TAG Heuer Autavia is one of the largest new watch releases of the year for vintage fans. The result of the Autavia Cup competition, which asked fans to vote on their favorite vintage model for TAG Heuer to recreate, the watch takes the brash ’60s racing style of the original and makes it the basis of a thoroughly contemporary watch. We showed you the prototype last year and gave you the full specs of the final model when it debuted officially at Baselworld. But that’s just the beginning of the story.
Jeff Stein – founder of OnTheDash, and Talking replica Watches veteran – is the authority on all things vintage Heuer. So, obviously, when I heard he’d taken delivery of his 2017 Autavia, I knew we needed to talk. Luckily, Jeff is a generous man and offered to do an on-the-record interview after spending some serious wrist-time with his new watch.
We talked about how Jeff first heard about the new Autavia, his involvement in the process, and why, even as a hardcore Heuer guy, he was still able to find some surprises in the new watch.

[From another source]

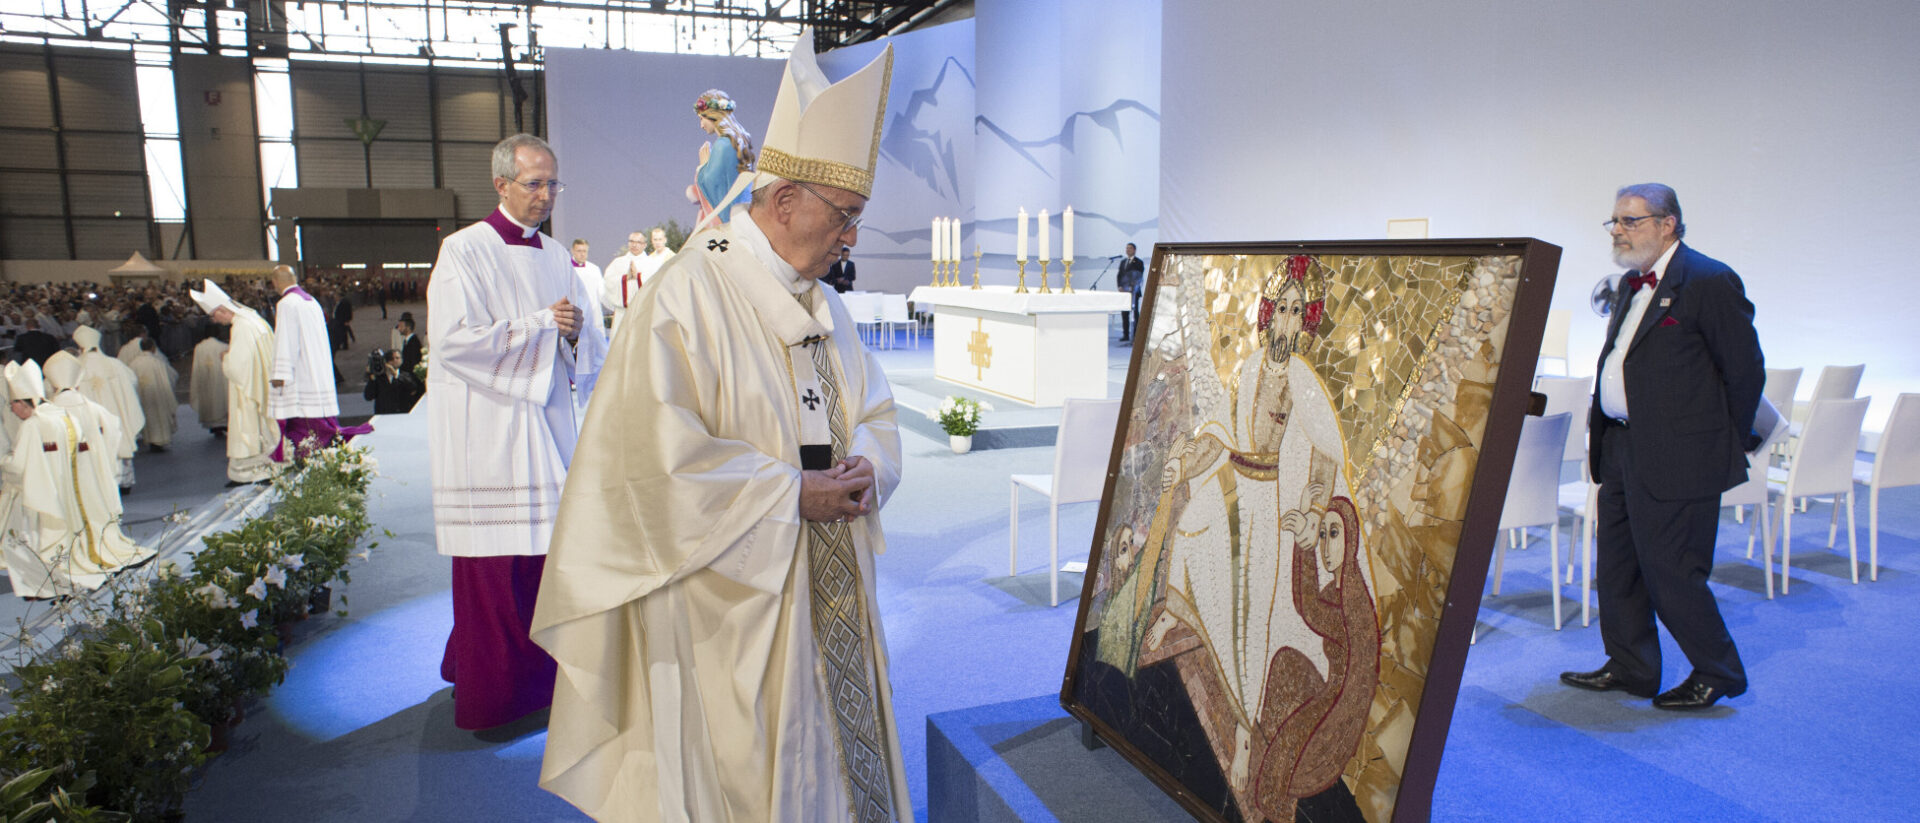 Papst Franziskus betrachtet 2018 ein Mosaik von Marko Rupnik in Genf.

My introduction to the watch was in November 2015. I was in New York for the replica TAG Heuer’s releasing of the Connected watch, and was just sort of hanging out with the guys from TAG Heuer Replica. I had known many of them for a while as pen pals and from swapping emails and such. This was the first time that I had met the social and electronic media guys, and they introduced me to Jean-Claude Biver, and we began talking about the recent surge in interest in the vintage Autavias.
Of course, he’d had the thought before, but I suggested to him that this would be the perfect time to do a reissue of the Autavia. Therefore, we started looking at my website and searching for the various versions, and talking about which ones collectors were chasing, which ones had the value in the market, etc. He basically looked at me and said, “Well, you guys, the collecting community, tell me which one you want and you’ll have it in early 2017.”
He said there were two conditions. It had to be a traditional round case, the style of the 1960s, and it had to be an acceptable modern size. He threw out 42 millimeters, which is exactly what it turned out to be.